EXERCISE |
Go through the data below and transcribe it exactly. Omit the images.

-------- SOURCE MATERIAL --------

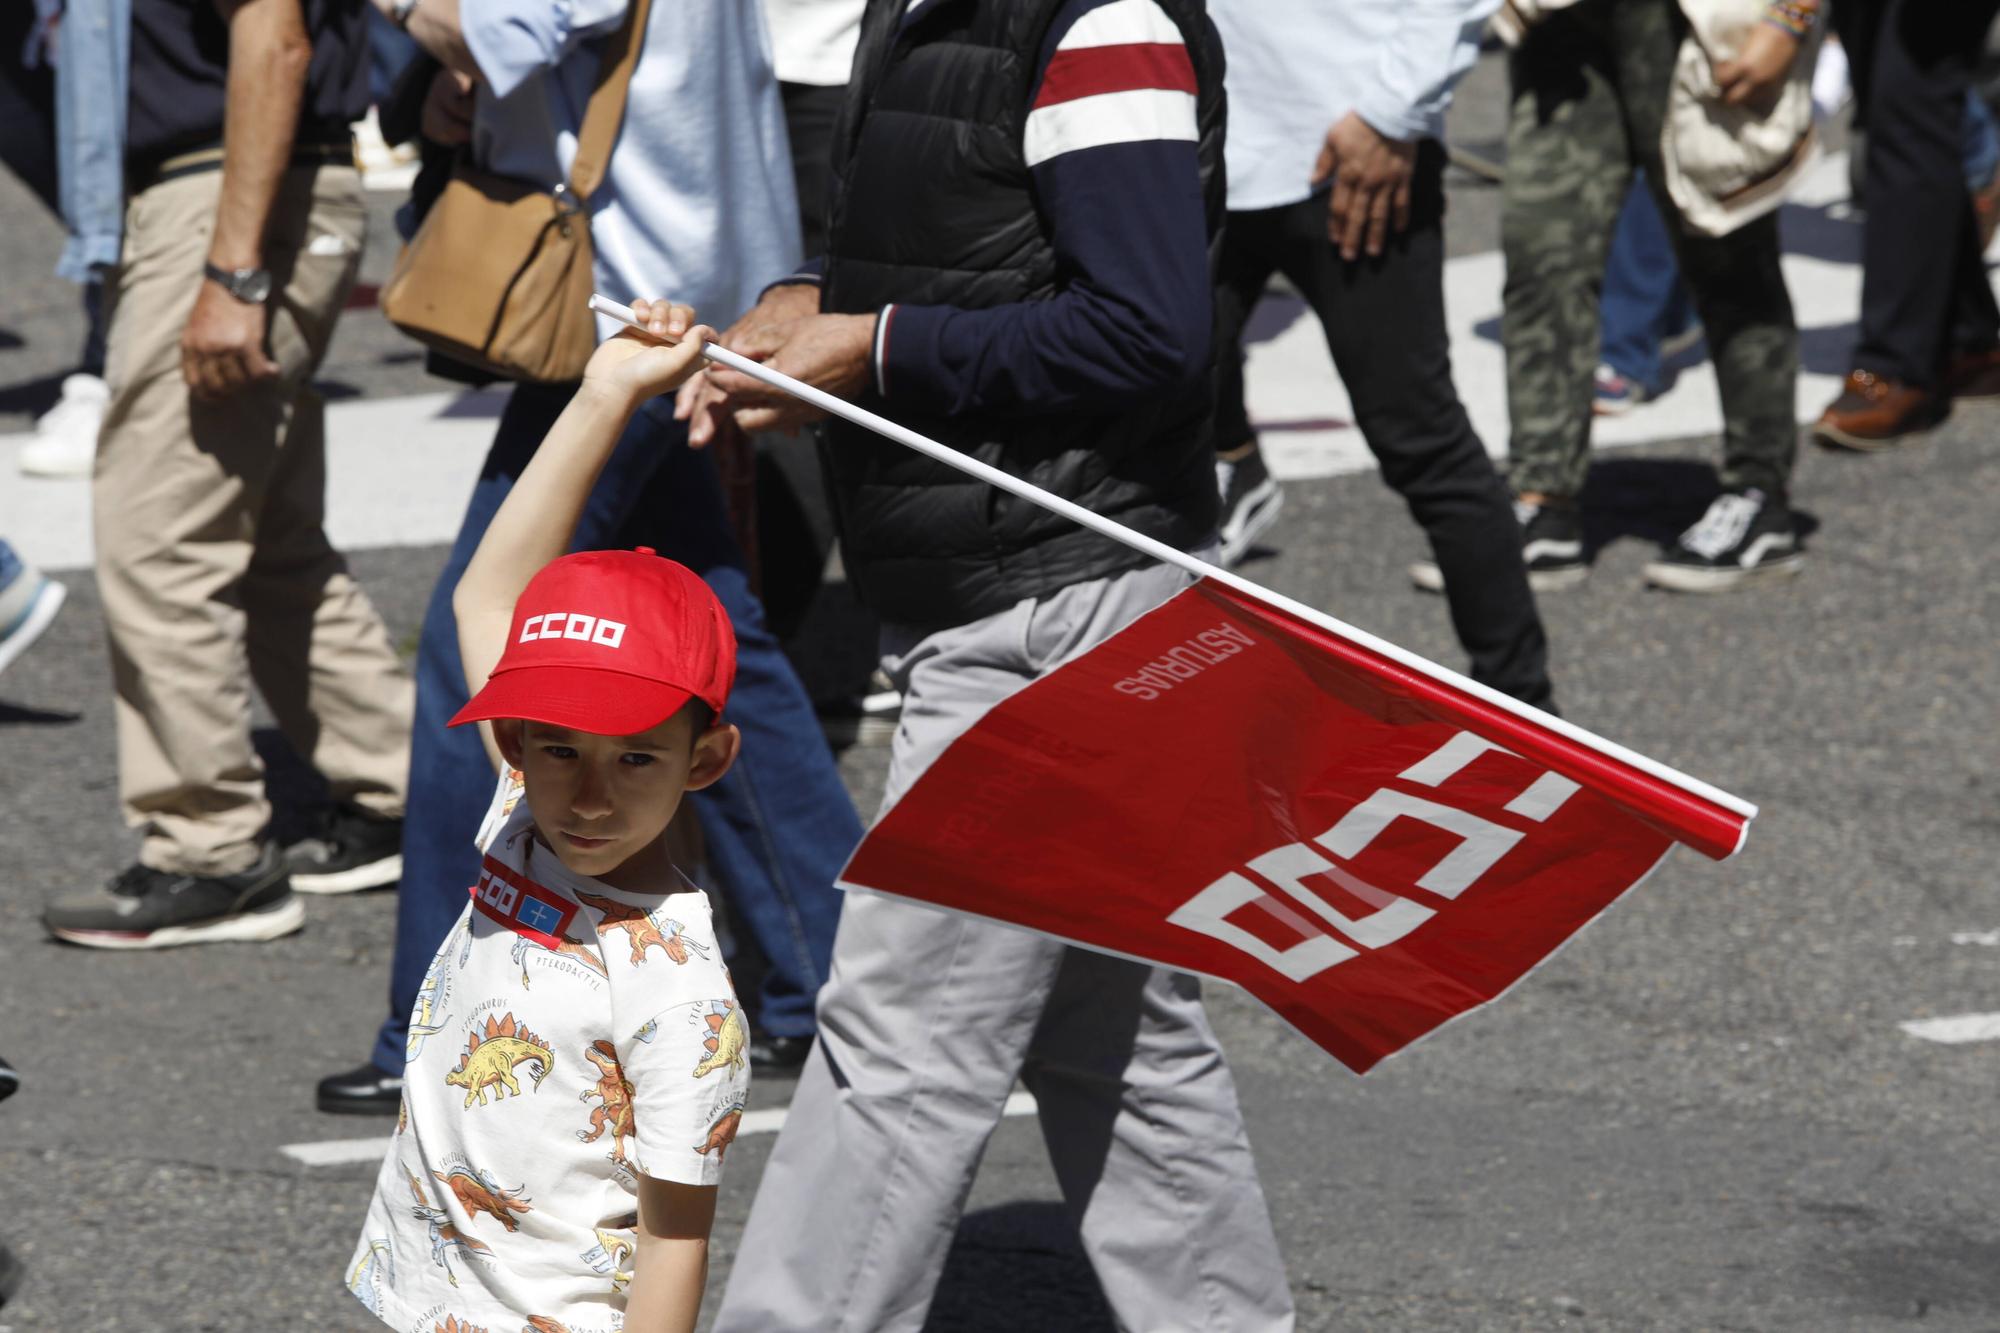 EN IMÁGENES: Los sindicatos asturianos se lanzan a la calle en el Primero de Mayo: "O subida de salarios o bronca en las calles"
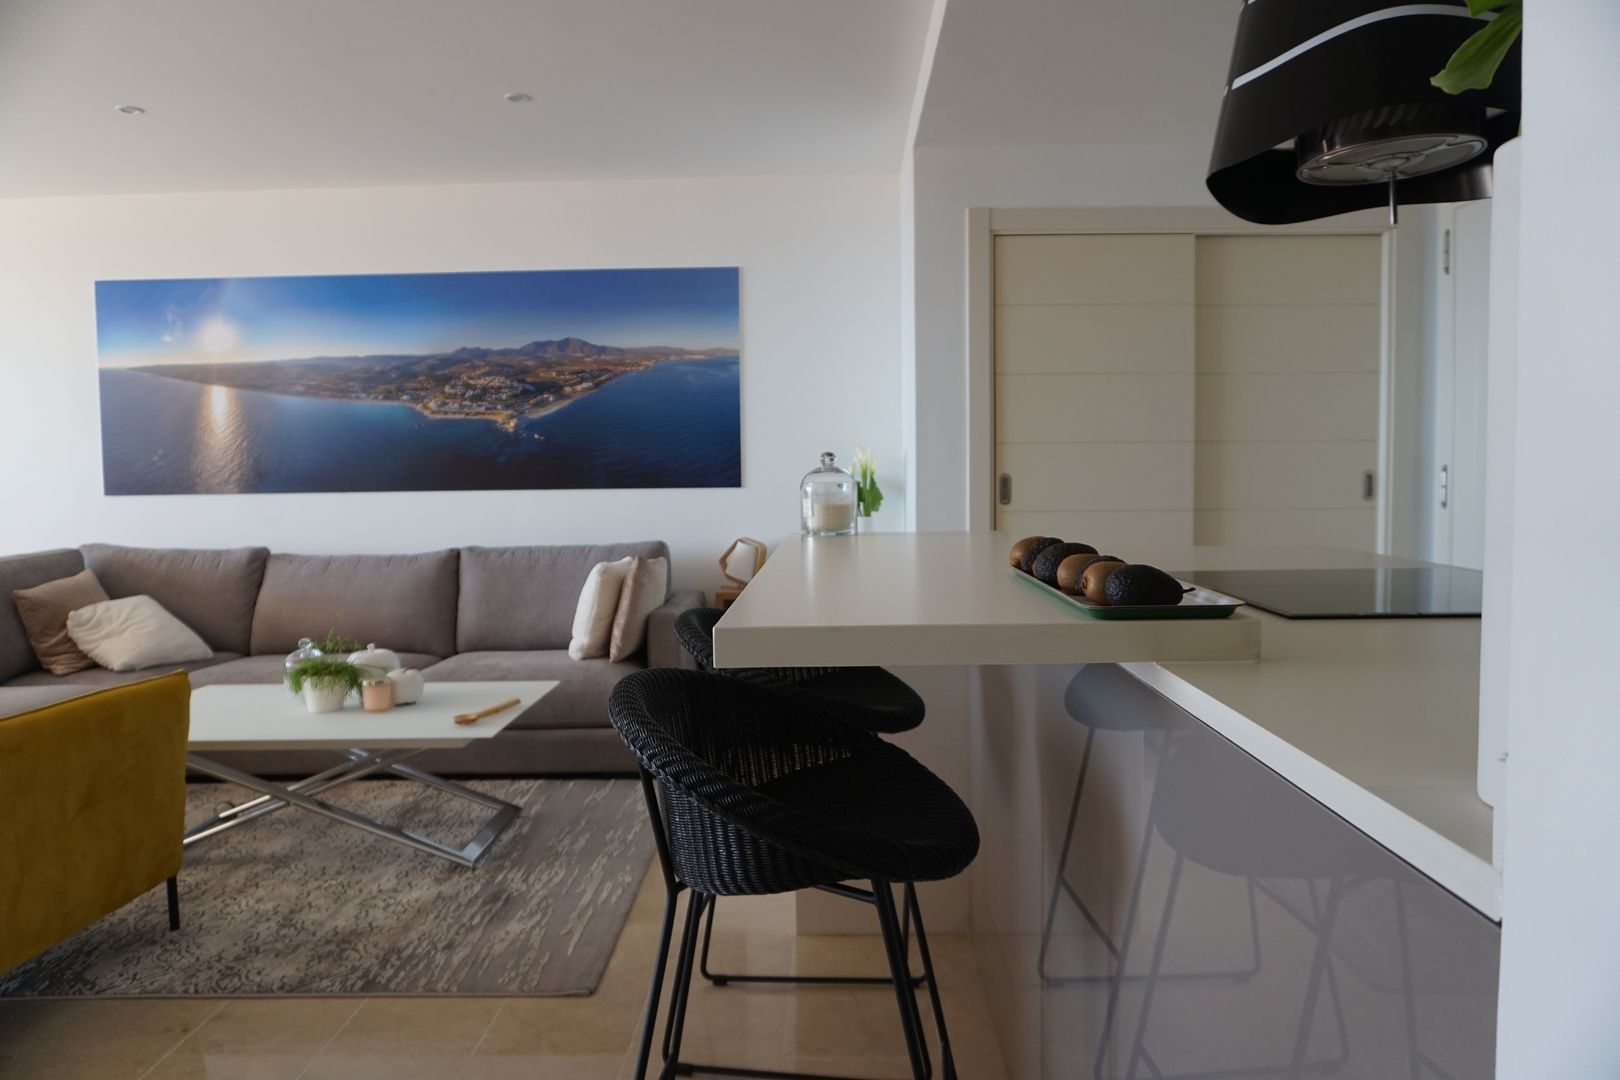 Proyecto e instalación de cocina moderna abierta al salón en Málaga, Decodan - Estudio de cocinas y armarios en Estepona y Marbella Decodan - Estudio de cocinas y armarios en Estepona y Marbella Einbauküche
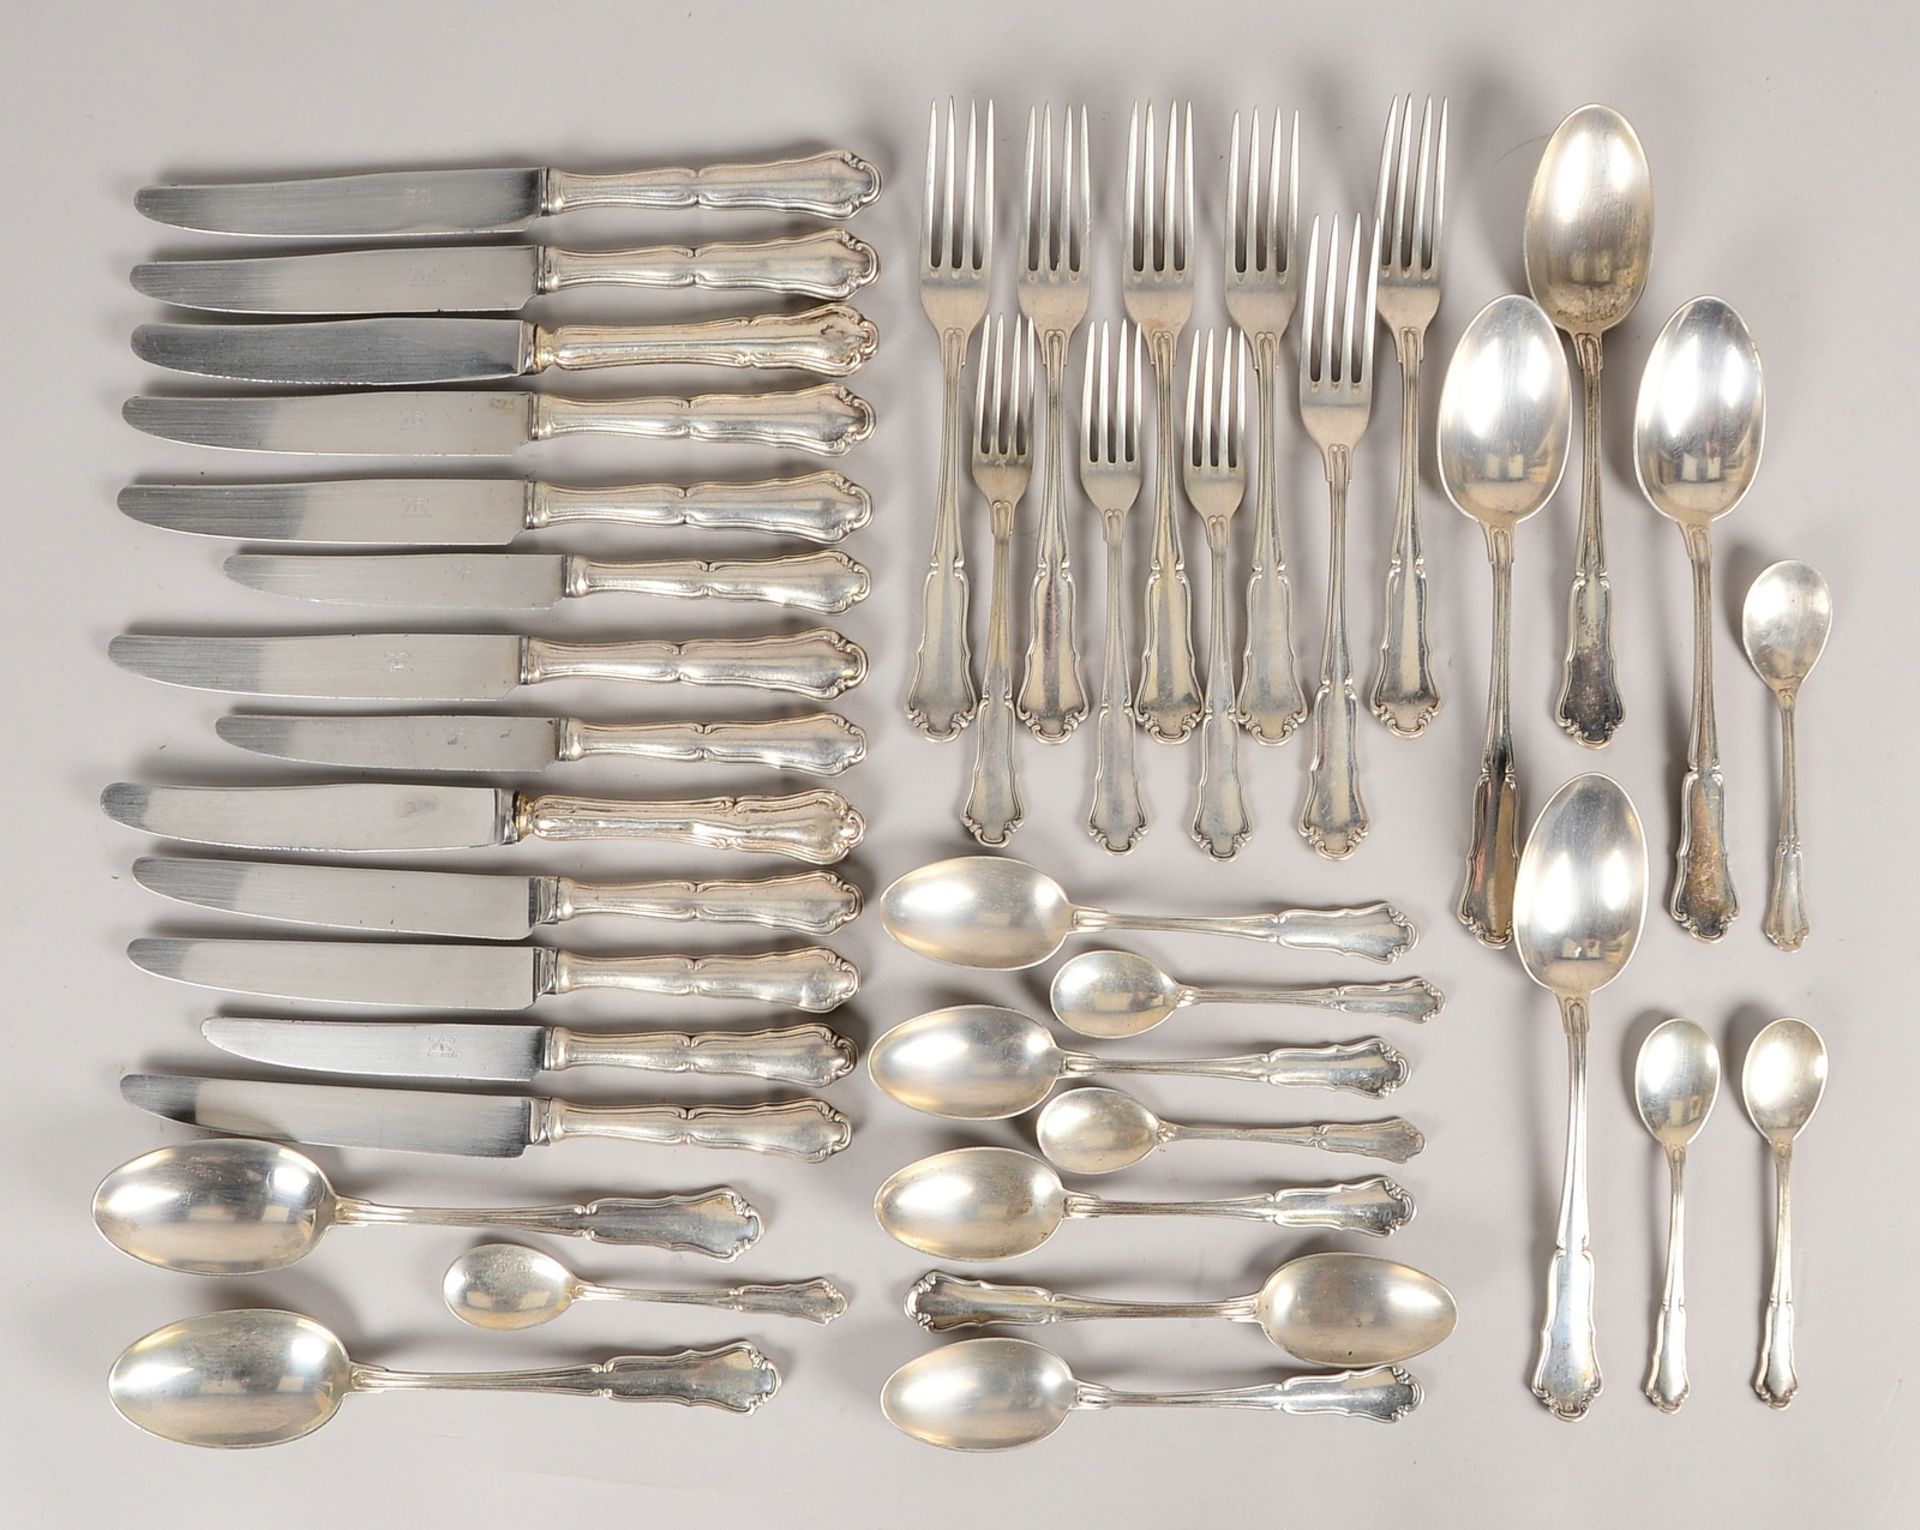 Wilkens, Tafelsilber, 800 Silber: Messer, Gabeln und Löffel; Gesamtgew. 2.571 g

--------

THE ANSWER |
 EN IMÁGENES: Los sindicatos asturianos se lanzan a la calle en el Primero de Mayo: "O subida de salarios o bronca en las calles"
 Proyecto e instalación de cocina moderna abierta al salón en Málaga, Decodan - Estudio de cocinas y armarios en Estepona y Marbella Decodan - Estudio de cocinas y armarios en Estepona y Marbella Einbauküche
 Wilkens, Tafelsilber, 800 Silber: Messer, Gabeln und Löffel; Gesamtgew. 2.571 g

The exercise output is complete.